SUPPLIED DATA:
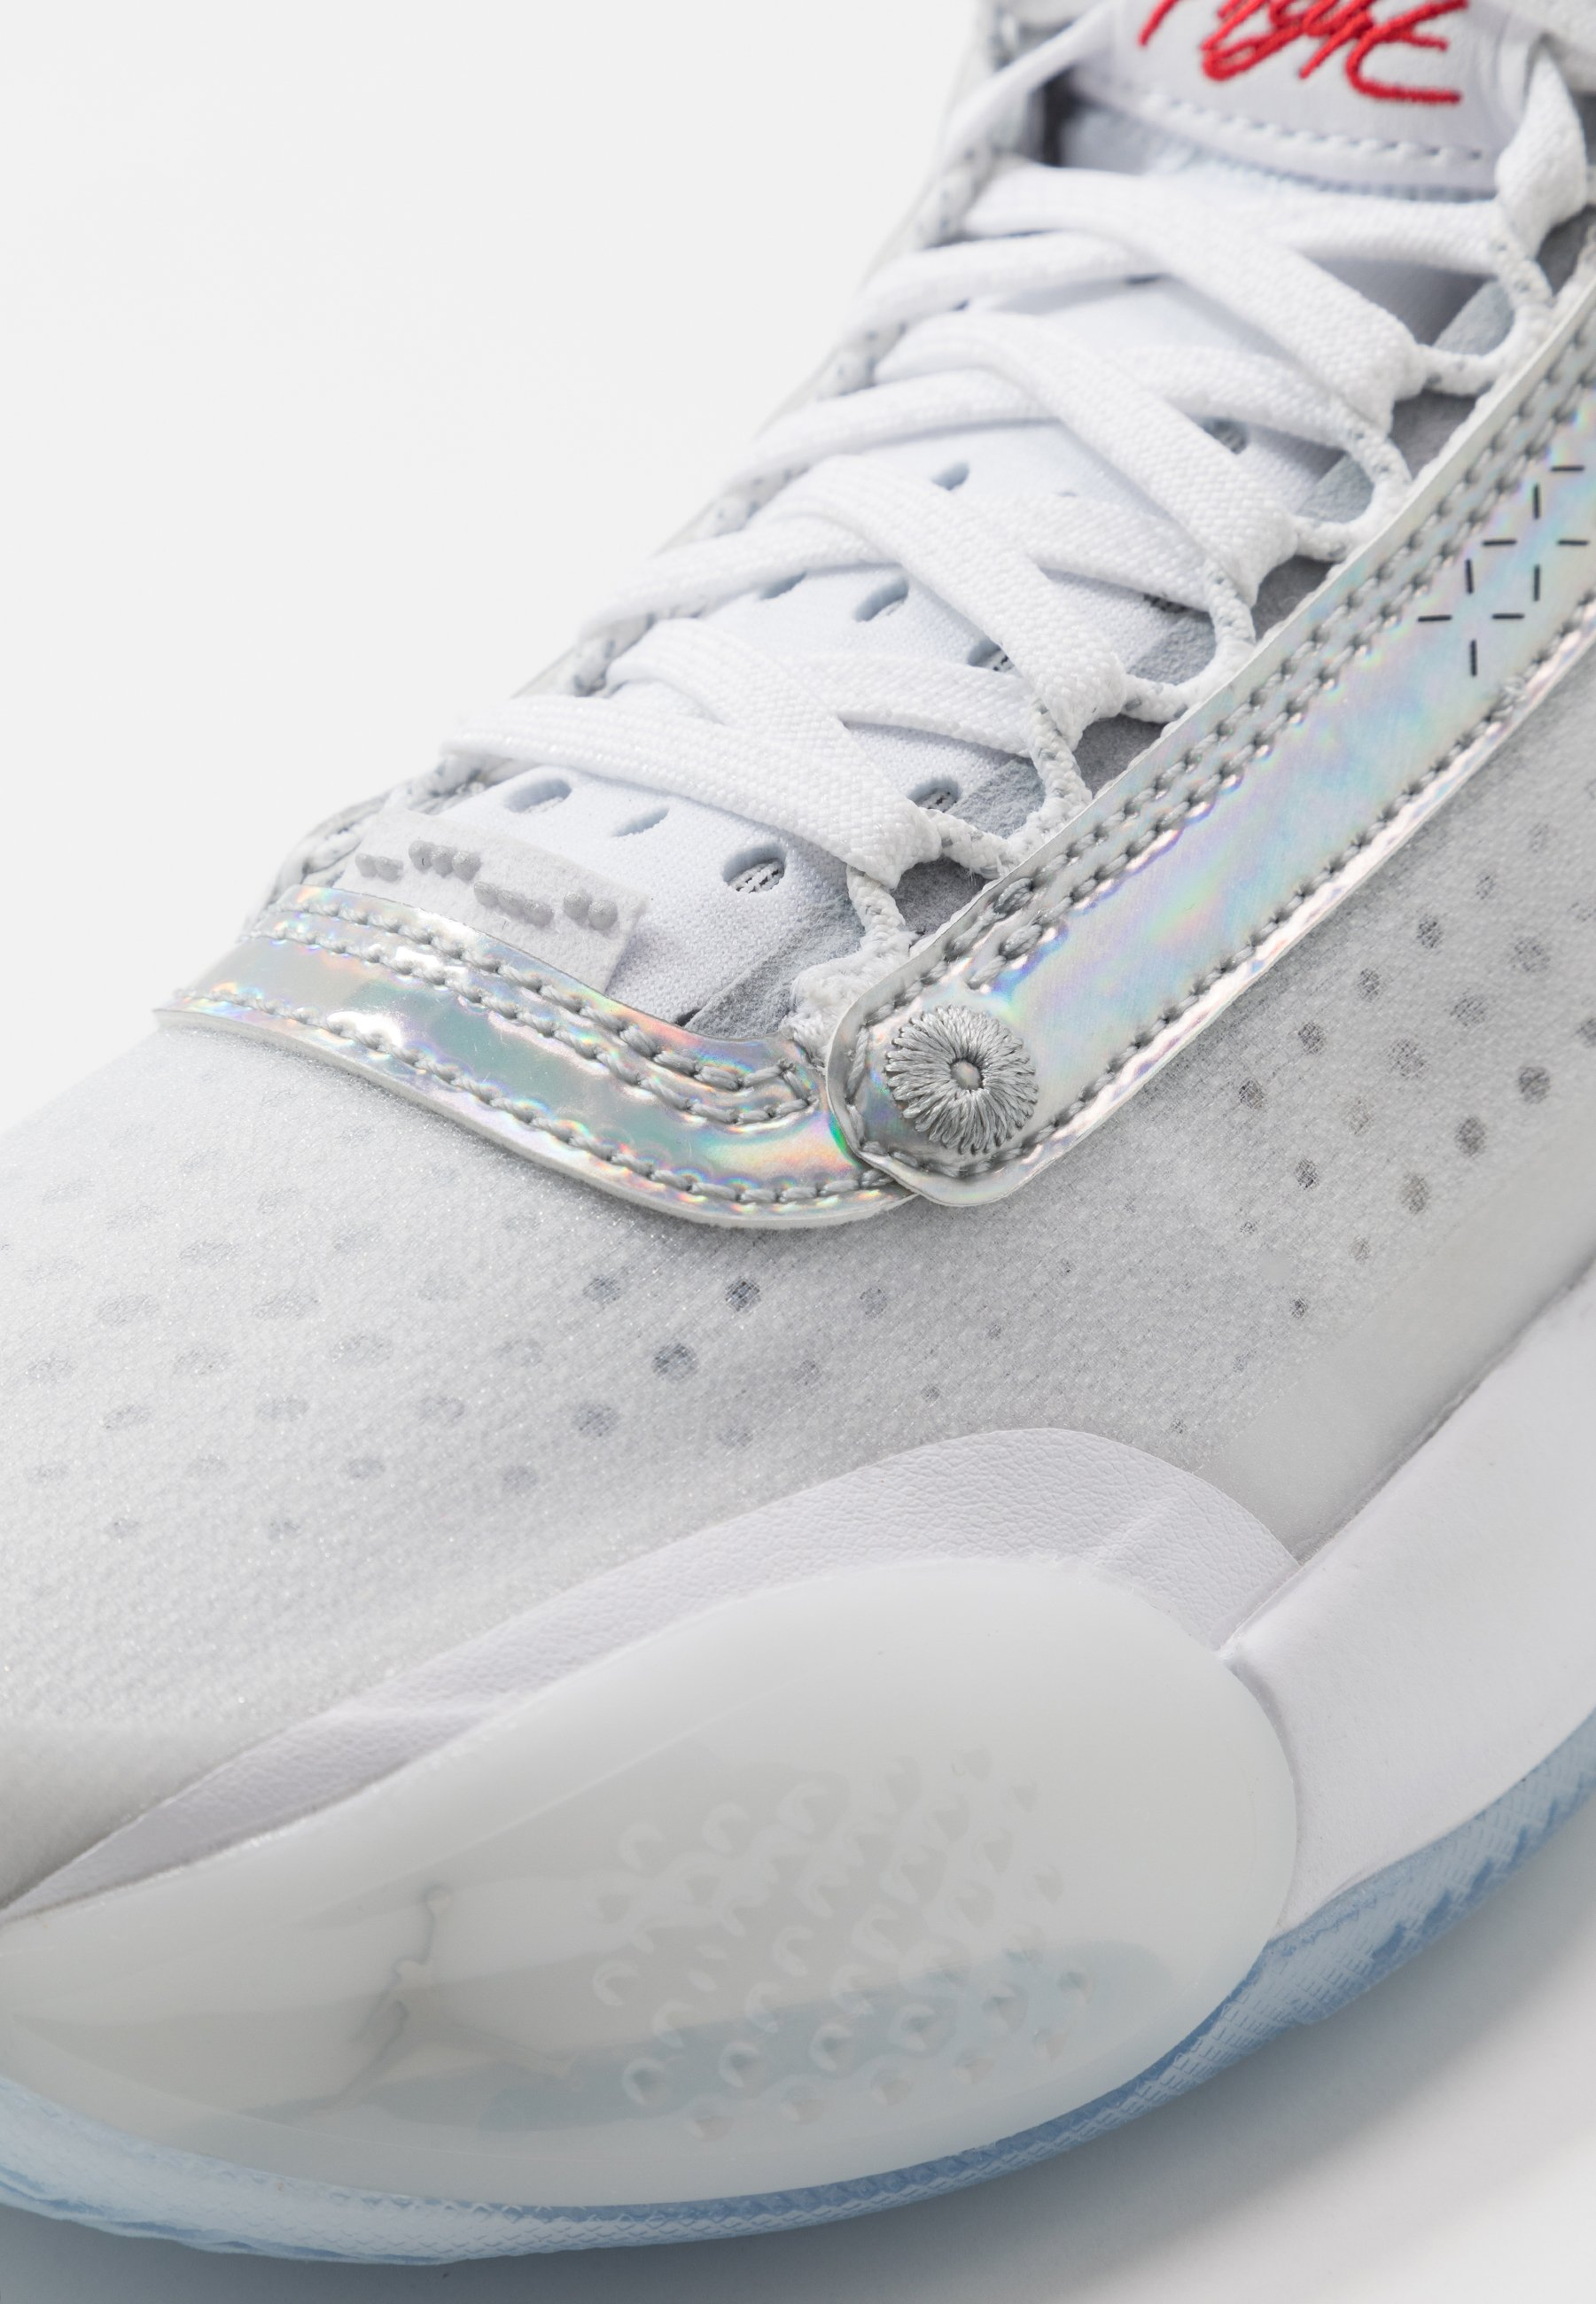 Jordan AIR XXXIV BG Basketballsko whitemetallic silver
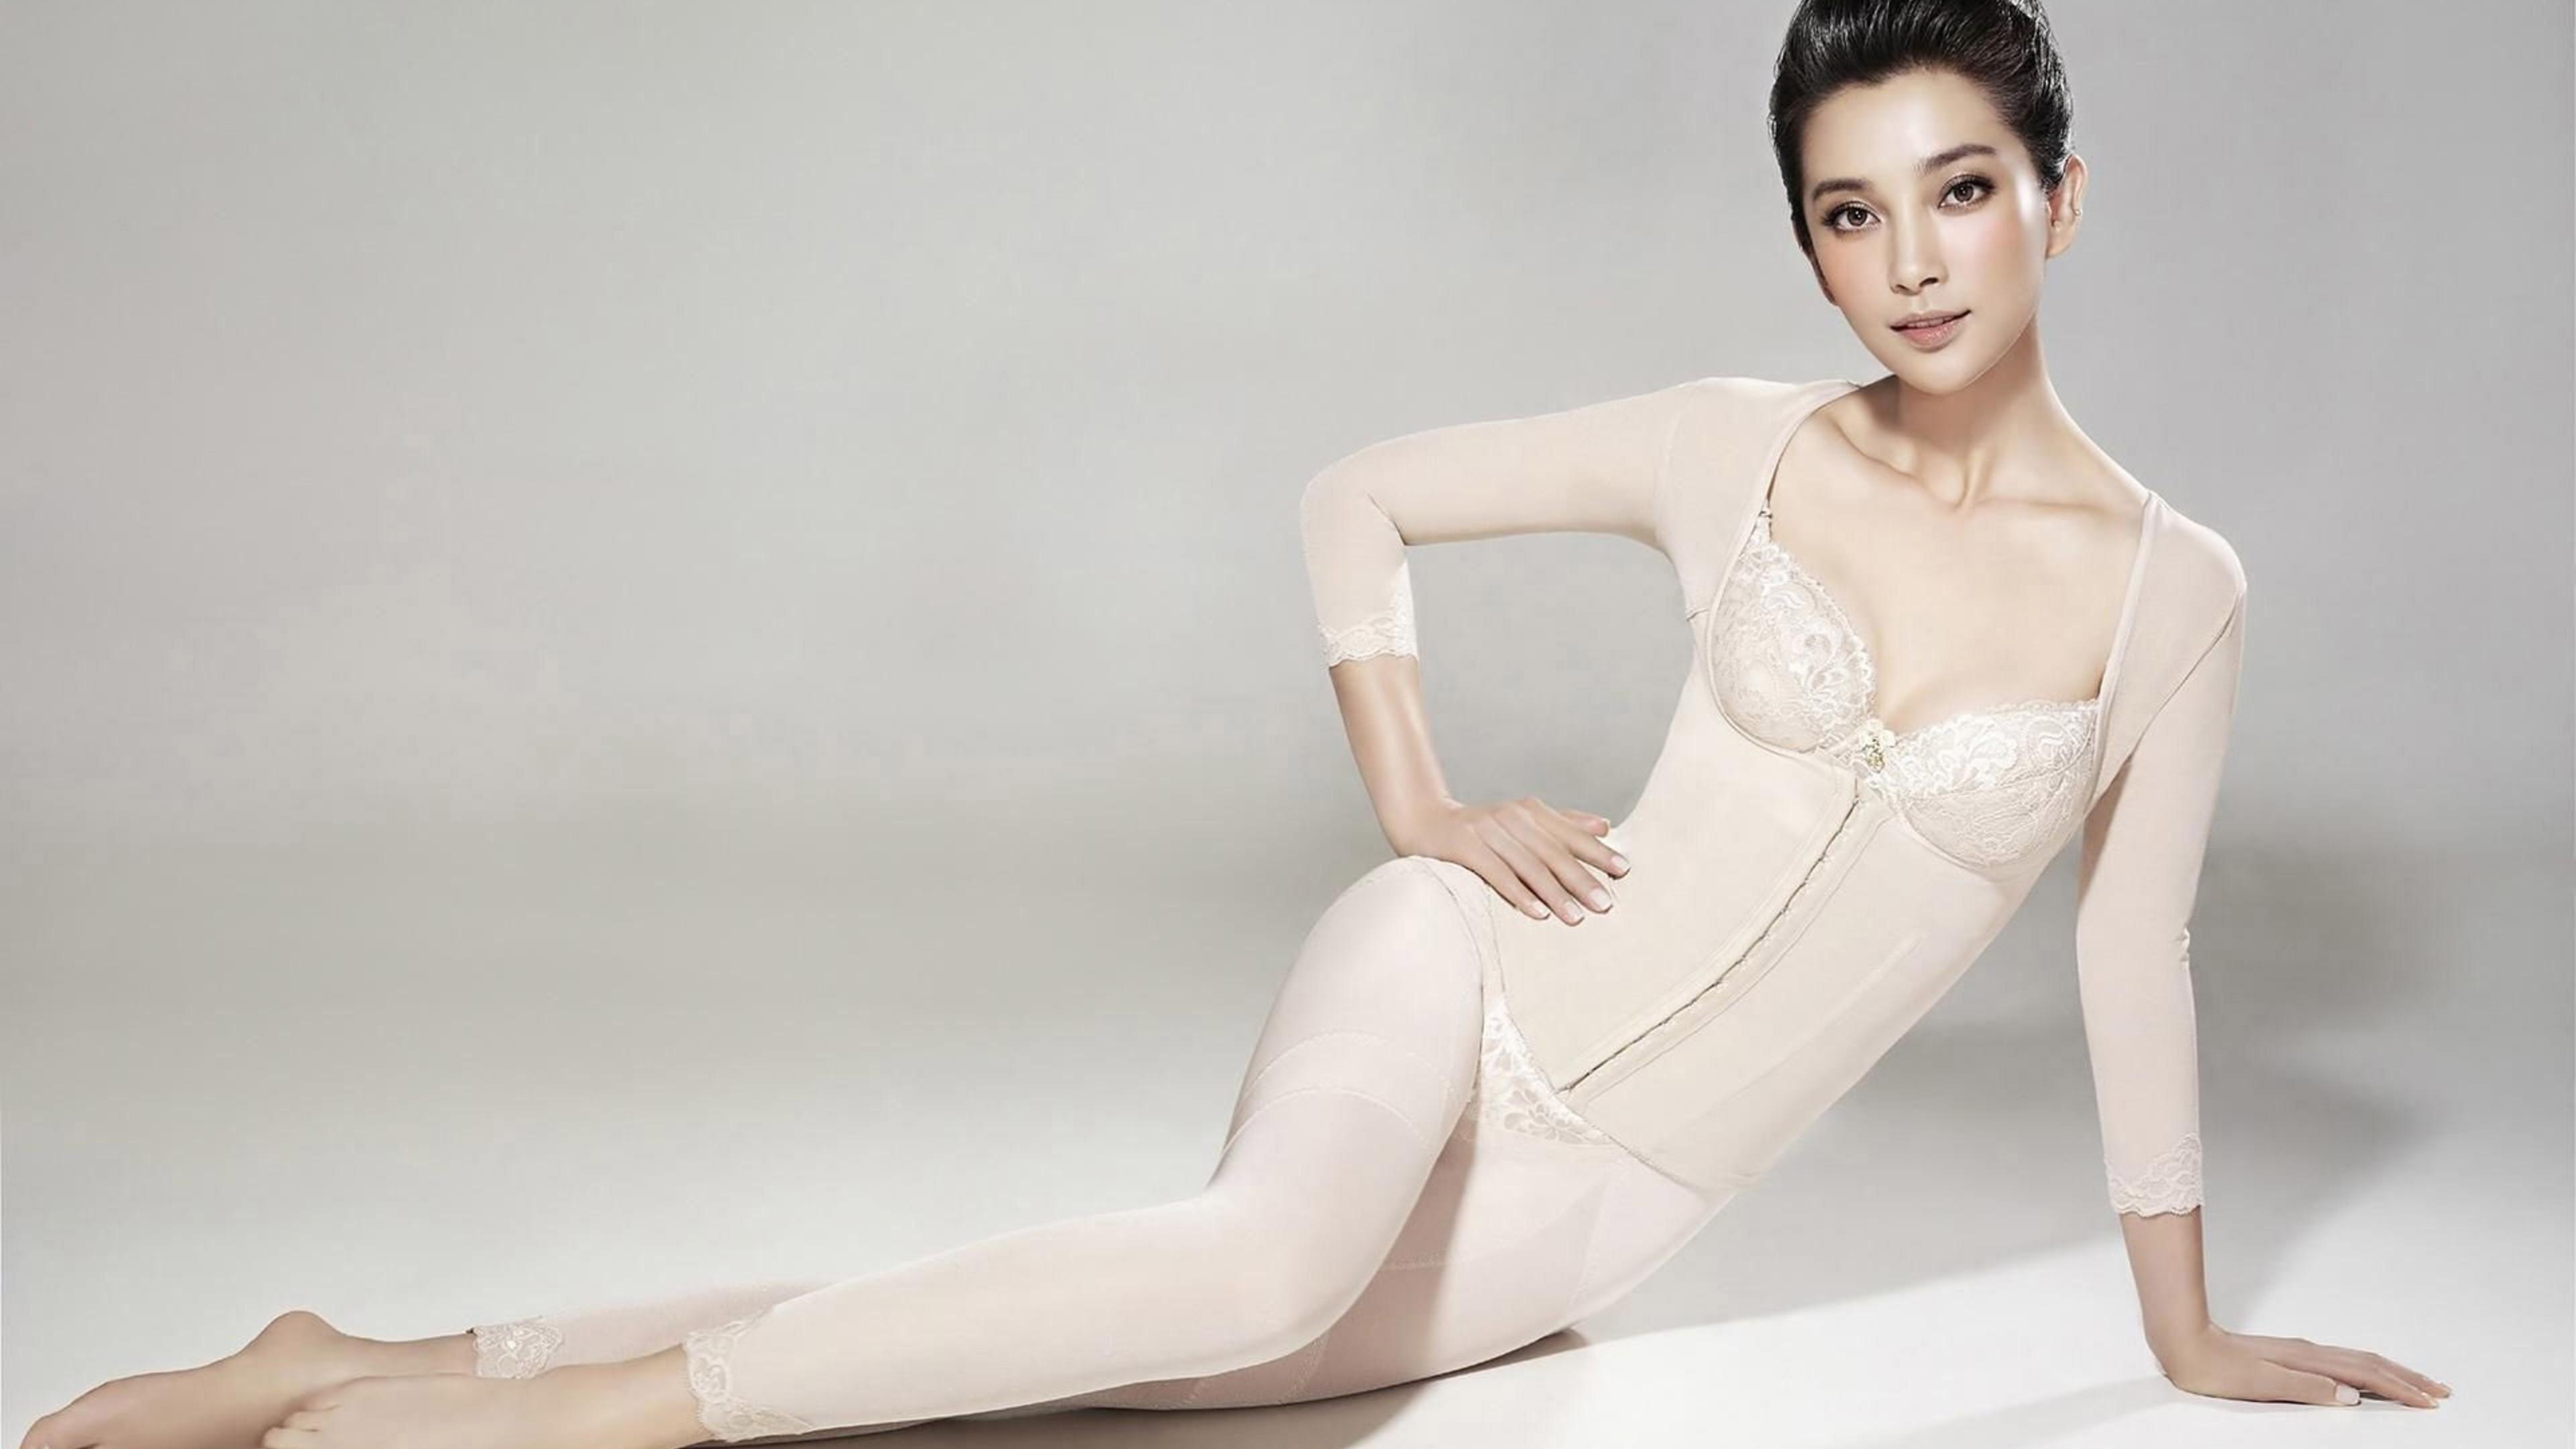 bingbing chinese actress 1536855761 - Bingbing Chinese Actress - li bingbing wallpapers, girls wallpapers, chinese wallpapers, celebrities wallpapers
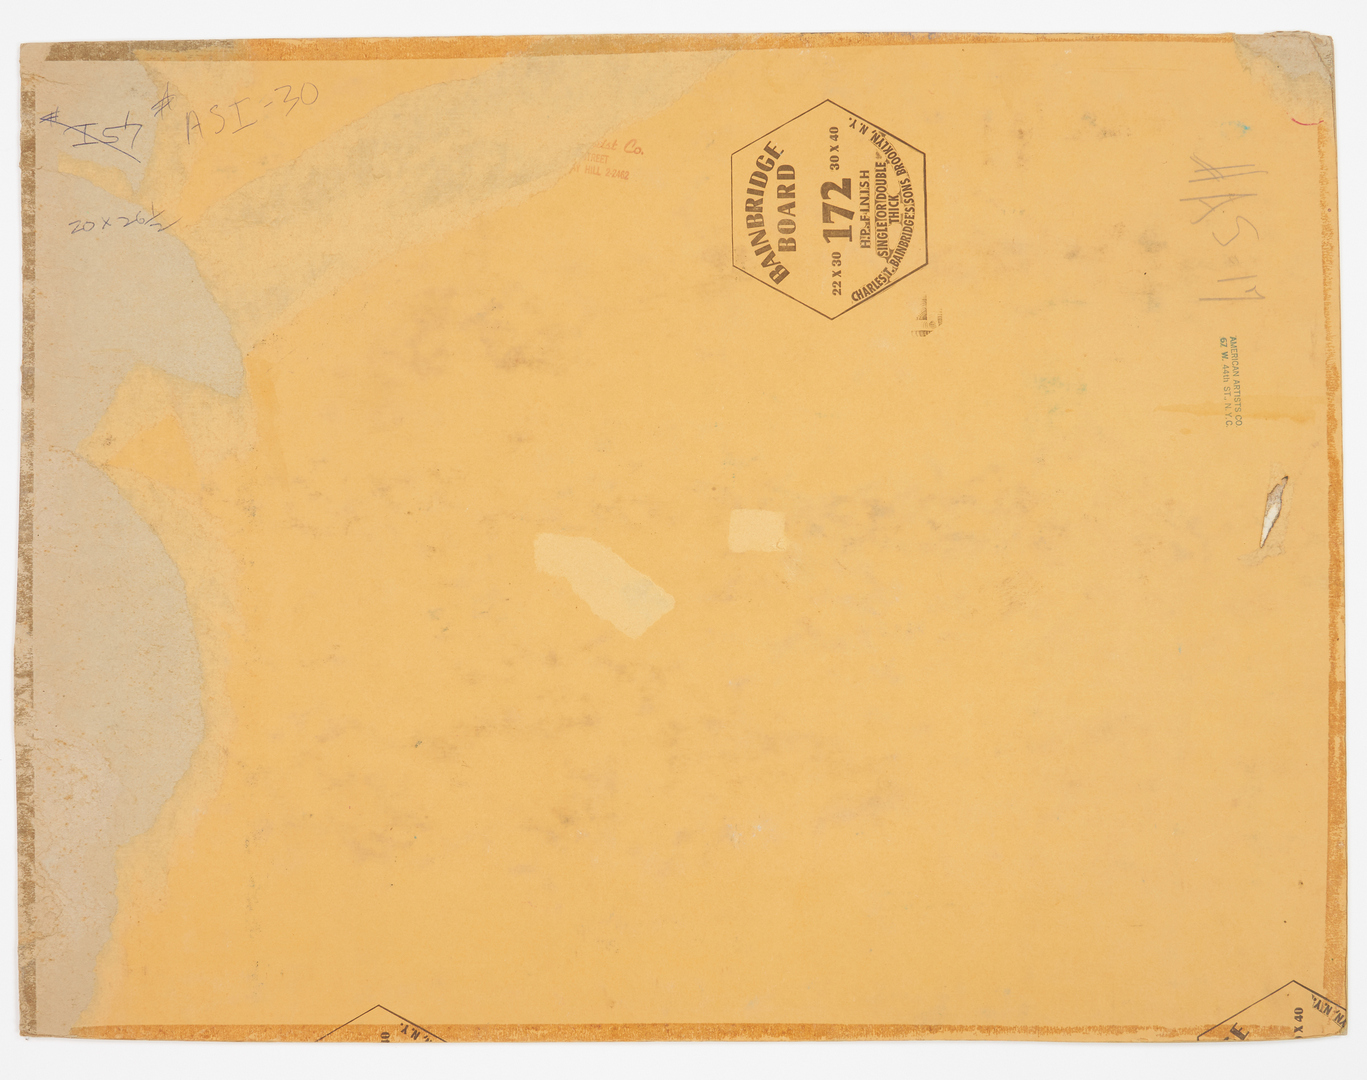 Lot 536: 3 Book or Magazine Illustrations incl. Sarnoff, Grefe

HOW TO COMPLETE THIS TASK: Only the lines from the one containing "bingbing chinese actress 1536855761" through the last line of the data above, both included, belong in the reply, each restated exactly and without pictures.

REPLY TO THE EXERCISE:
 bingbing chinese actress 1536855761 - Bingbing Chinese Actress - li bingbing wallpapers, girls wallpapers, chinese wallpapers, celebrities wallpapers
 Lot 536: 3 Book or Magazine Illustrations incl. Sarnoff, Grefe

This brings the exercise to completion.